Date Published: July 24, 2017
Publisher: Public Library of Science
Author(s): Sokhna Keita Alassane, Marie-Laure Nicolau-Travers, Sandie Menard, Olivier Andreoletti, Jean-Pierre Cambus, Noémie Gaudre, Myriam Wlodarczyk, Nicolas Blanchard, Antoine Berry, Sarah Abbes, David Colongo, Babacar Faye, Jean-Michel Augereau, Caroline Lacroux, Xavier Iriart, Françoise Benoit-Vical, Leonardo Jose de Moura Carvalho.
Cerebral malaria (CM) is the most severe manifestation of human malaria yet is still poorly understood. Mouse models have been developed to address the subject. However, their relevance to mimic human pathogenesis is largely debated. Here we study an alternative cerebral malaria model with an experimental Plasmodium berghei Keyberg 173 (K173) infection in Sprague Dawley rats. As in Human, not all infected subjects showed cerebral malaria, with 45% of the rats exhibiting Experimental Cerebral Malaria (ECM) symptoms while the majority (55%) of the remaining rats developed severe anemia and hyperparasitemia (NoECM). These results allow, within the same population, a comparison of the noxious effects of the infection between ECM and severe malaria without ECM. Among the ECM rats, 77.8% died between day 5 and day 12 post-infection, while the remaining rats were spontaneously cured of neurological signs within 24–48 hours. The clinical ECM signs observed were paresis quickly evolving to limb paralysis, global paralysis associated with respiratory distress, and coma. The red blood cell (RBC) count remained normal but a drastic decrease of platelet count and an increase of white blood cell numbers were noted. ECM rats also showed a decrease of glucose and total CO2 levels and an increase of creatinine levels compared to control rats or rats with no ECM. Assessment of the blood-brain barrier revealed loss of integrity, and interestingly histopathological analysis highlighted cyto-adherence and sequestration of infected RBCs in brain vessels from ECM rats only. Overall, this ECM rat model showed numerous clinical and histopathological features similar to Human CM and appears to be a promising model to achieve further understanding the CM pathophysiology in Humans and to evaluate the activity of specific antimalarial drugs in avoiding/limiting cerebral damages from malaria.

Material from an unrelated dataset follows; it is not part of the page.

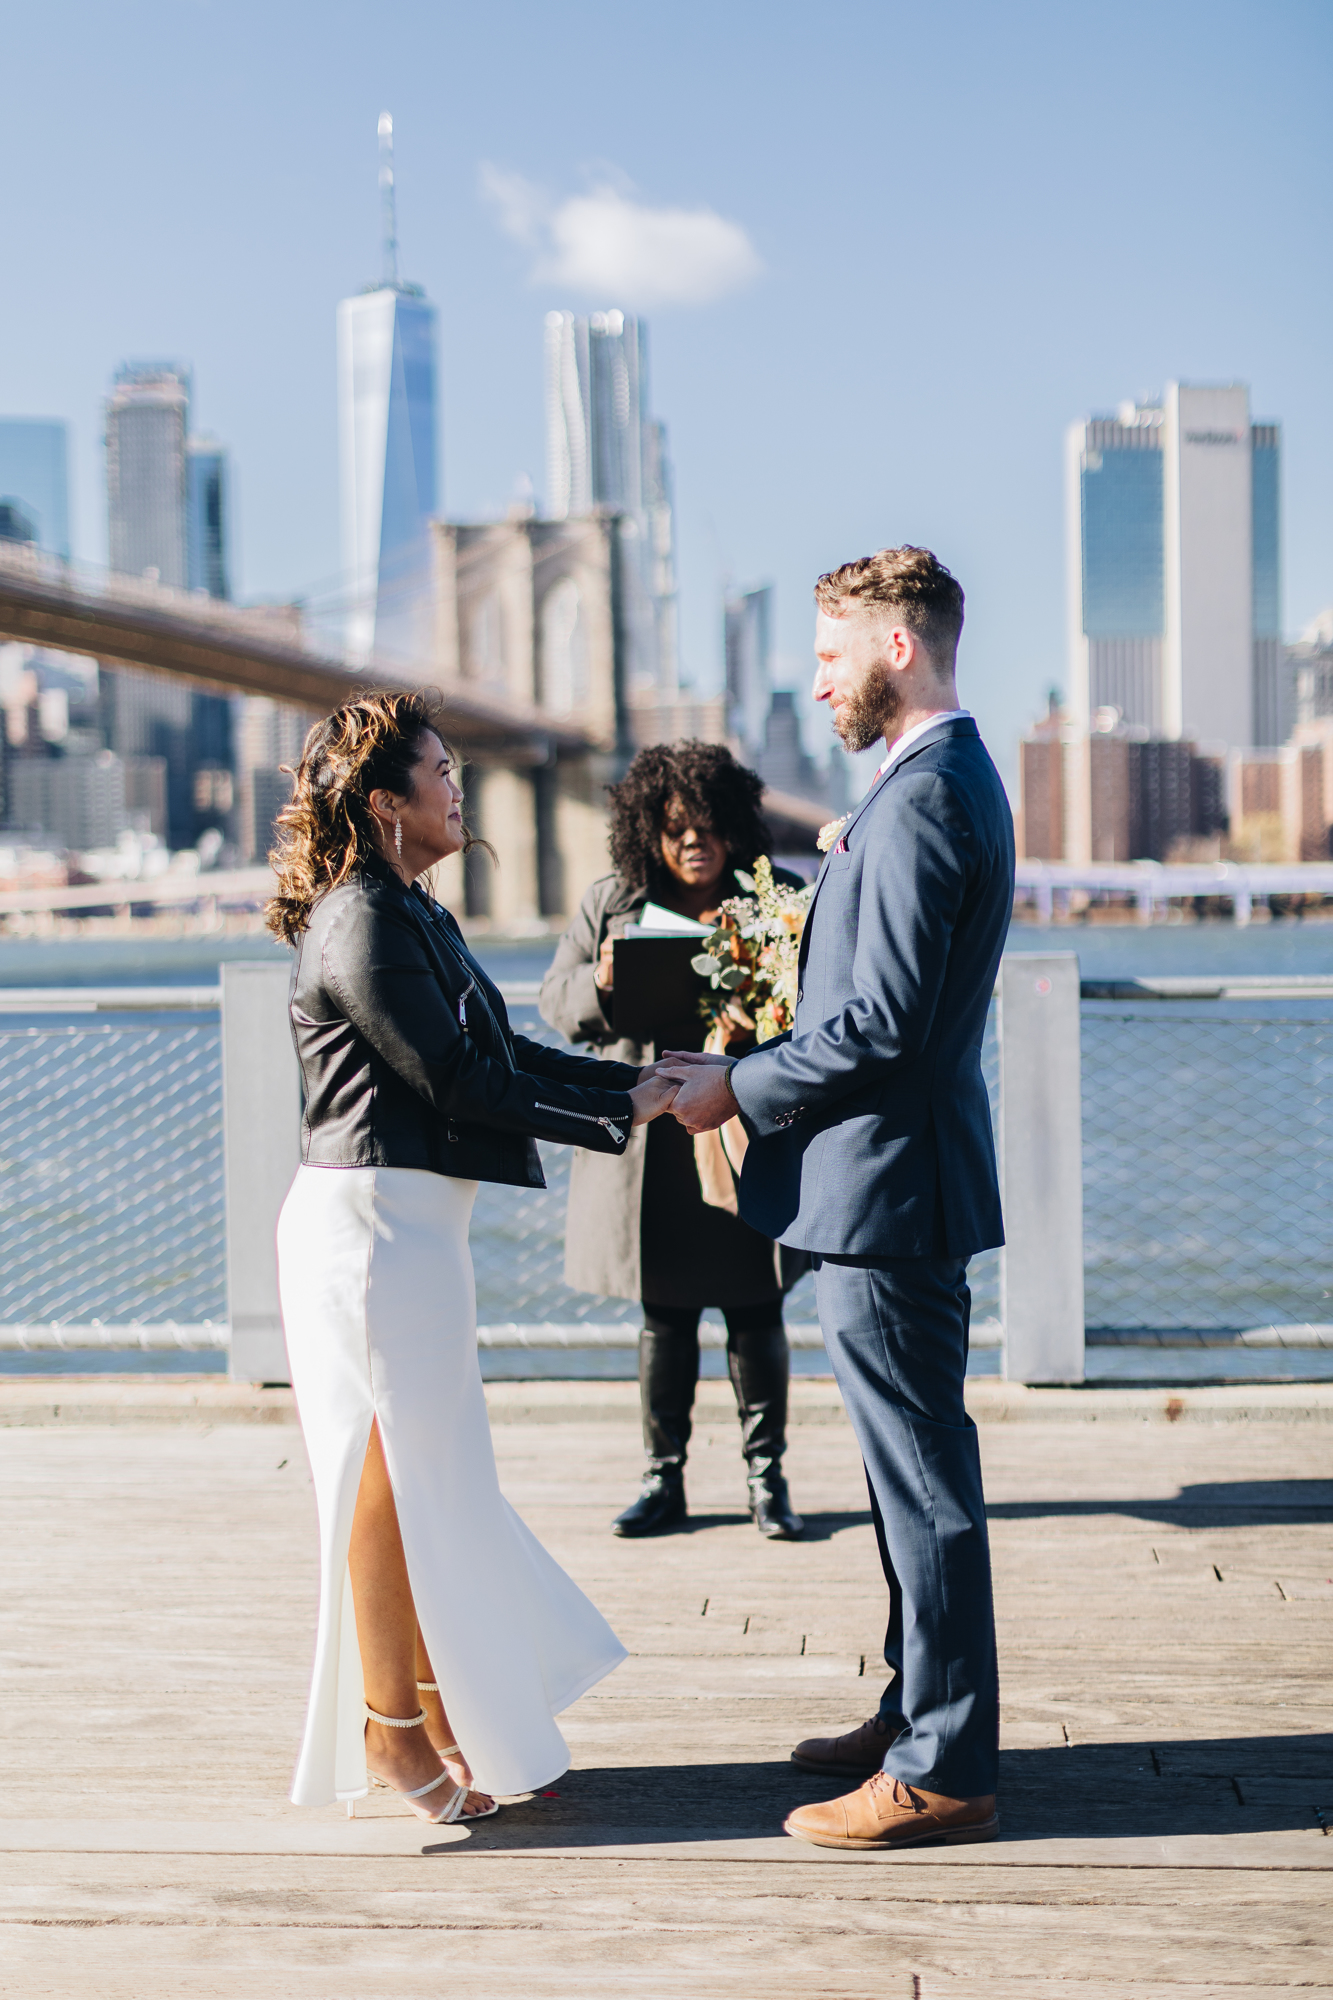 Gorgeous Fall DUMBO Elopement with NYC views and foliage

Malaria remains a “major killer of children” in one of its more severe aspects, Cerebral Malaria (CM), with a fatality rate of 15–25% in African children despite effective antimalarial chemotherapy . CM causes 78% of all malaria deaths. It is caused by the apicomplexan parasite Plasmodium falciparum, affecting not only children under the age of 5, but also pregnant women and non-immune patients such as tourists in endemic areas [2–4]. This pathology is an acute encephalopathy characterized by fever, vomiting, headache, seizure, respiratory distress, malarial retinopathy, impaired consciousness and/or coma [2,5–7].

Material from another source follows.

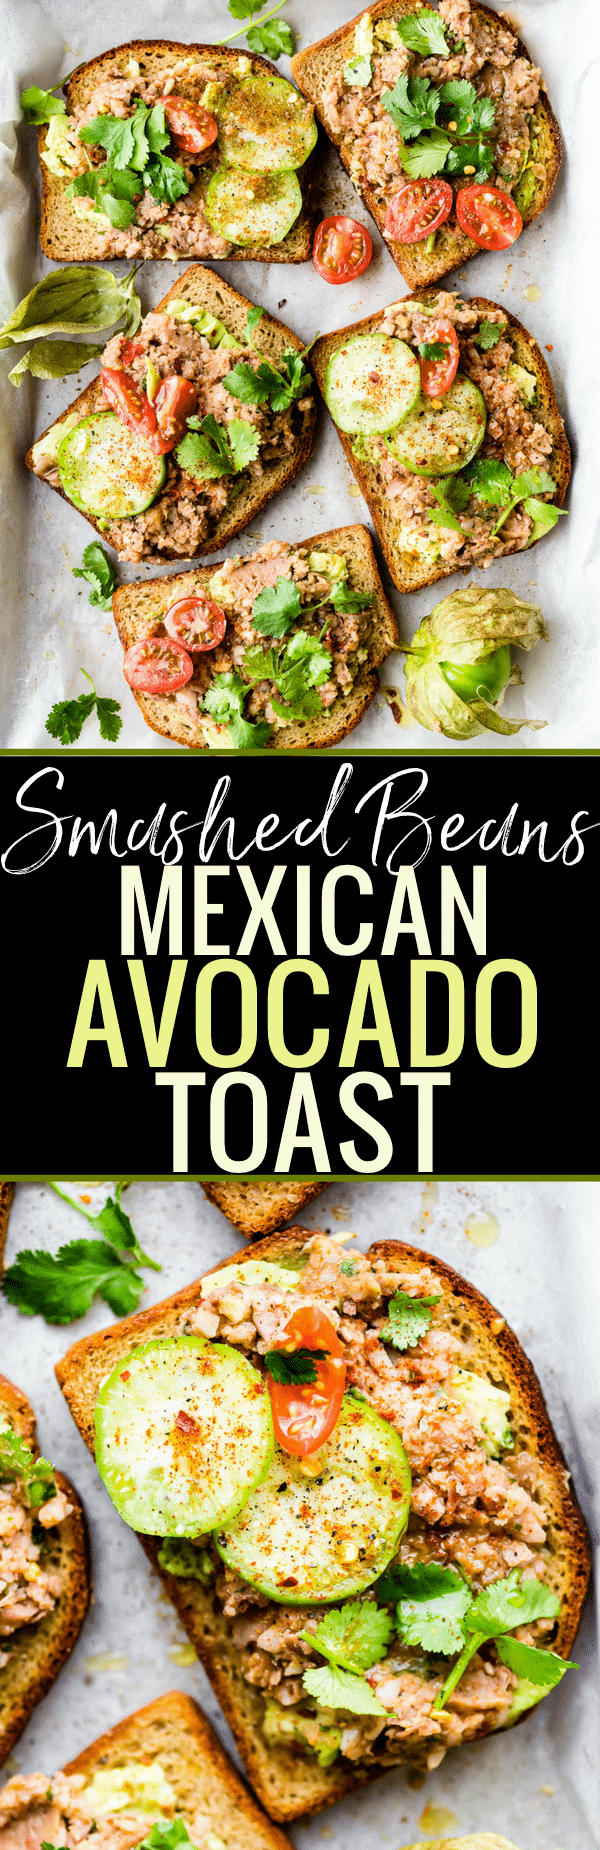 Gluten Free Smashed Mexican Beans Avocado Toast recipe! A heartier yet Healthy take on Avocado Toast Recipes. This Fully Loaded MEXICAN style avocado toast is Vegan Friendly and loaded with Flavor!! A simple, yet spicy, meatless meal, breakfast, or even a quick appetizer. www.cottercrunch.com

The present experimental model of cerebral malaria in young Sprague Dawley rats infected by K173, appears as a particularly relevant model regarding the histological, physiological and biochemical parameters compared to those observed in Human CM. The most remarkable point is the sequestration of iRBCs in brain micro-vessels in all ECM rats like in Human CM whereas this phenomenon is debated in the mouse model [13,93]. In this rat model, hematological parameters susceptible to be predictive of the ECM progression were also determined. The parameters most affected in the ECM group were platelets and white blood cells with regenerative thrombocytopenia and leukocytosis as observed in Human CM while RBC count remained normal. It would be of great interest to determine whether the RBCs associated with hematocrit and hemoglobin, during the hospitalization of patients affected by malaria could be used to predict severe outcomes. In Human CM, it is urgent to stop and to reverse the development of symptoms, as quickly as possible, because of the high risk of neurological sequels. Even though artemisinin-based therapies decrease parasitemia rapidly, the neuropathology also needs to be treated, perhaps by an adjunct therapy associated to the antiparasitic compound. For the moment none of the compounds tested (for instance: protein C, ADAMTS 13 protease activator, nitric oxide, angiotensin-II inhibitor, erythropoietin) has a real protective action against the deleterious effects of Human CM . The present ECM rat model is thus an interesting tool in the search for such molecules in a relevant pharmacological approach.